Les conseils sont gratuits et, même dans les centres qui sont intégrés dans des hôpitaux, ils sont donnés non seulement par des médecins mais, dans le cadre d'équipes pluridisciplinaires, aussi par des personnes spécialisées dans d'autres domaines. La loi prescrit expressément aux centres de consultation d'informer les personnes directement intéressées de l'assistance privée et publique sur laquelle elles peuvent compter pour mener leur grossesse à terme. Dans quelques cantons, il existe des services spécialement destinés aux personnes de langue étrangère. Lorsque ce n'est pas le cas, les femmes concernées peuvent être aiguillées sur d'autres services appropriés. Le Conseil fédéral est conscient que l'accès aux centres de consultation peut poser problème à des femmes de différentes cultures (cadres culturel et éthique différents, spécificité des conditions familiales et personnelles, etc.). Lorsque, sur la base de l'état des lieux fait par l'OFSP (cf. réponse à la motion Meier-Schatz 02.3221), il examinera les mesures à prendre afin de pallier à d'éventuelles lacunes, il portera un intérêt tout particulier à la situation des femmes provenant de différentes cultures, notamment dans leur accès aux centres de consultation.

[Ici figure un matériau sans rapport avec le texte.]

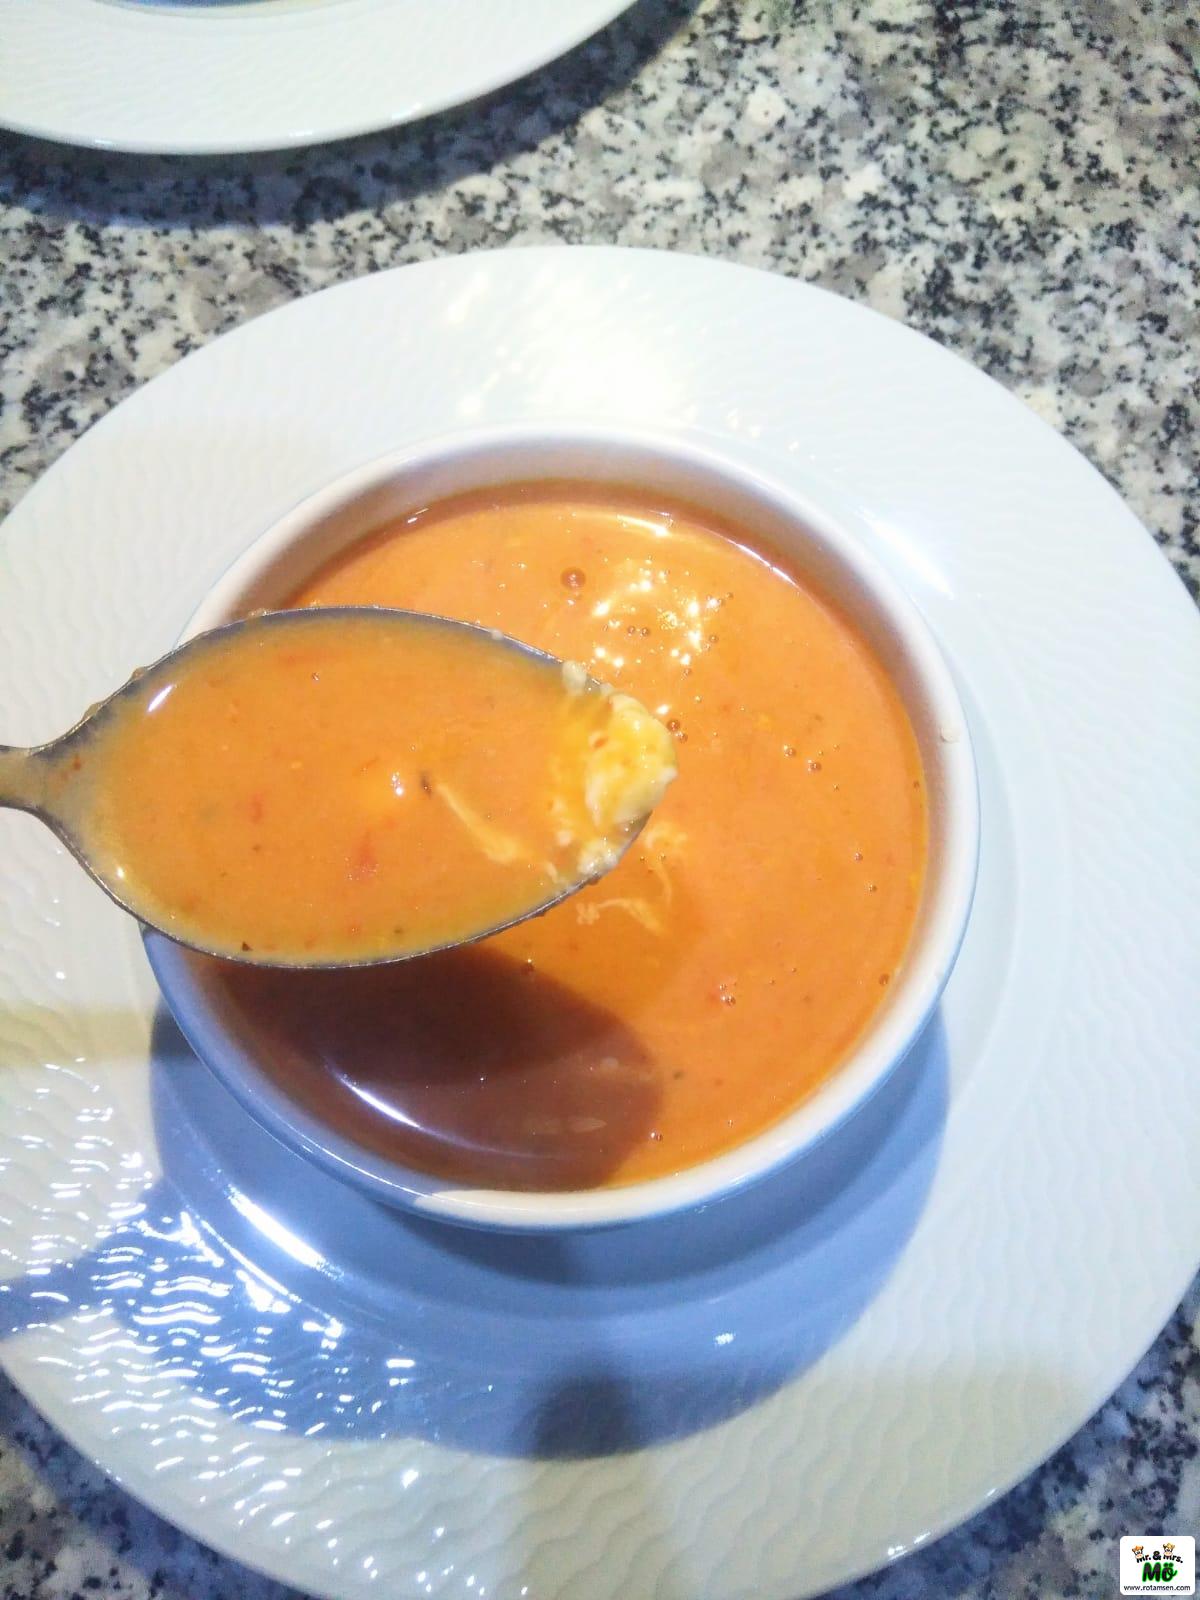 Köz Domates Çorbası 1 – koz domates corbasi 1
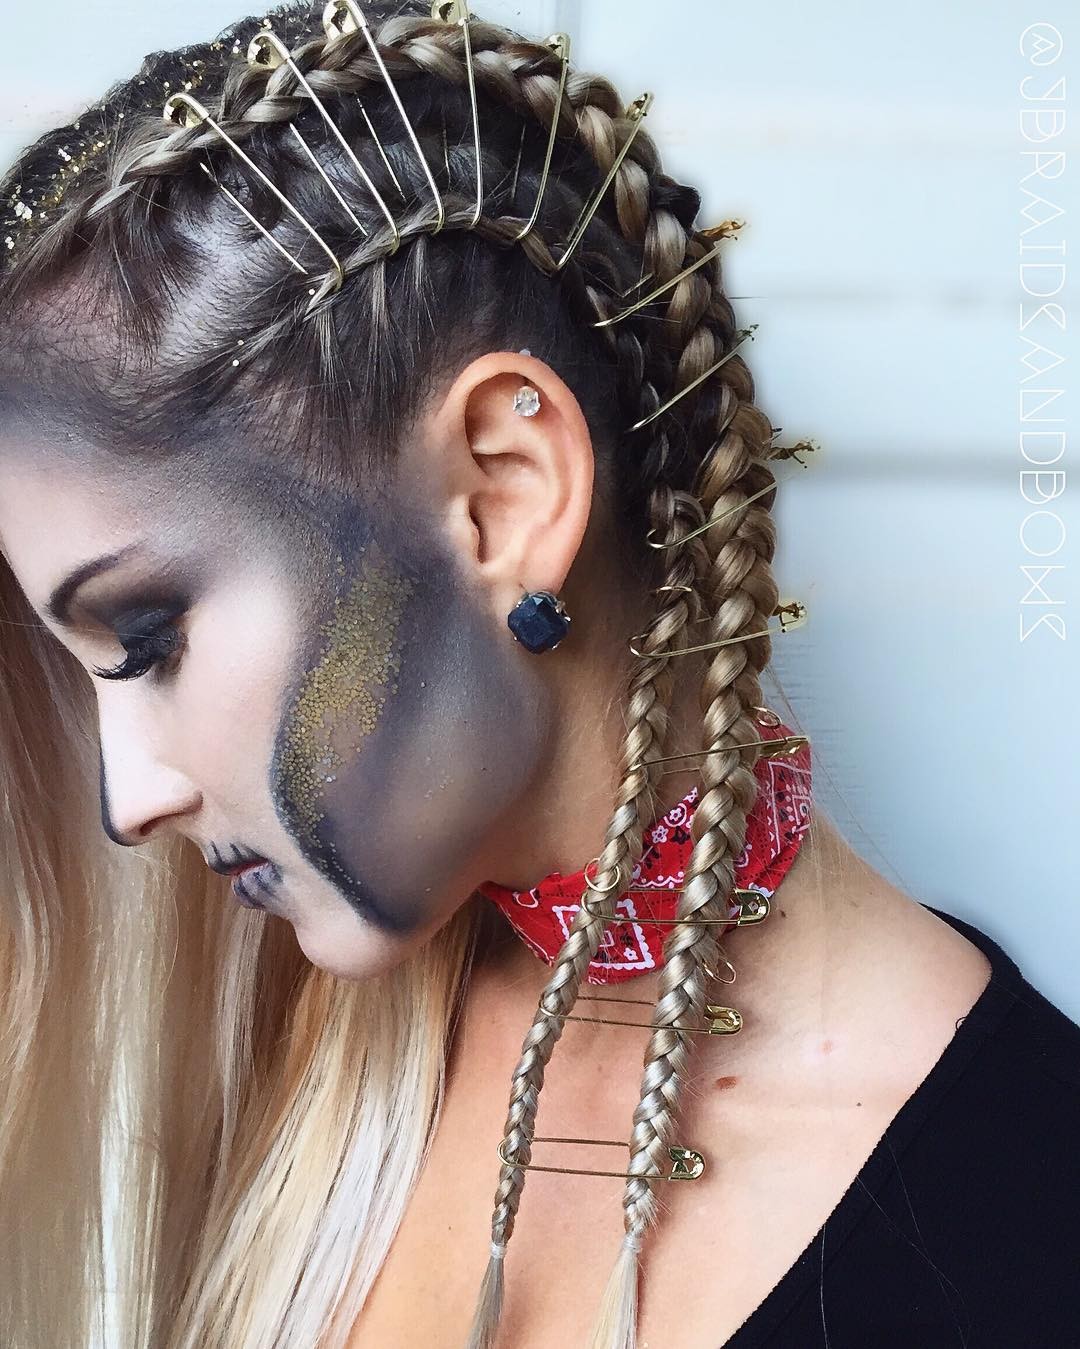 10 penteados de Halloween para você se inspirar - Revista Glamour | Cabelo

Le Conseil fédéral sait que les centres de consultation ont une grande importance, qui augmentera encore après l'entrée en vigueur des dispositions révisées du Code pénal suisse. Certes, la nouvelle réglementation ne change rien à l'exclusivité de la compétence des cantons, et elle ne contient pas non plus de base légale pour un soutien financier de la Confédération dans ce domaine. Mais elle comprend quelques prescriptions relatives aux conseils donnés, en vue d'en accroître l'efficacité. Ainsi, le guide que le médecin remet à la femme enceinte au cours de la consultation mentionnera expressément la possibilité d'une adoption. D'autre part, les cabinets et les hôpitaux que les cantons sont tenus de signaler doivent aussi remplir les conditions nécessaires pour fournir des conseils détaillés. Enfin, il doit exister des centres de consultation spécialement destinés aux adolescentes. En ce sens, les cantons sont appelés à renforcer encore leurs efforts en vue de développer l'offre en matière de consultation et leur soutien aux institutions qui font oeuvre de prévention et qui fournissent aide et conseils en cas de grossesse non désirée. Ils devront également établir une statistique cantonale des interruptions de grossesse. Le Conseil fédéral est prêt à examiner la meilleure façon d'organiser une centralisation des données recueillies par les cantons afin d'établir une statistique fédérale en matière d'interruption de grossesse. A moyen terme, il émettra les lignes directrices nécessaires à cette mise en place. Par ailleurs, diverses ONG actives dans le domaine du planning familial, ou qui se sont mobilisées pour la révision des dispositions relatives à l'interruption de grossesse, ont également présenté des propositions visant à permettre aux cantons de s'acquitter le mieux possible, et de façon coordonnée, de leurs tâches en la matière. Le Conseil fédéral est disposé à examiner quelles autres tâches d'information et de coordination il pourrait assumer ou faciliter par le biais d'un soutien spécialisé. Il s'est aussi exprimé dans ce sens dans son avis sur la motion Meier-Schatz 02.3221 ayant trait au même sujet.
Le Conseil fédéral propose de transformer la motion en postulat.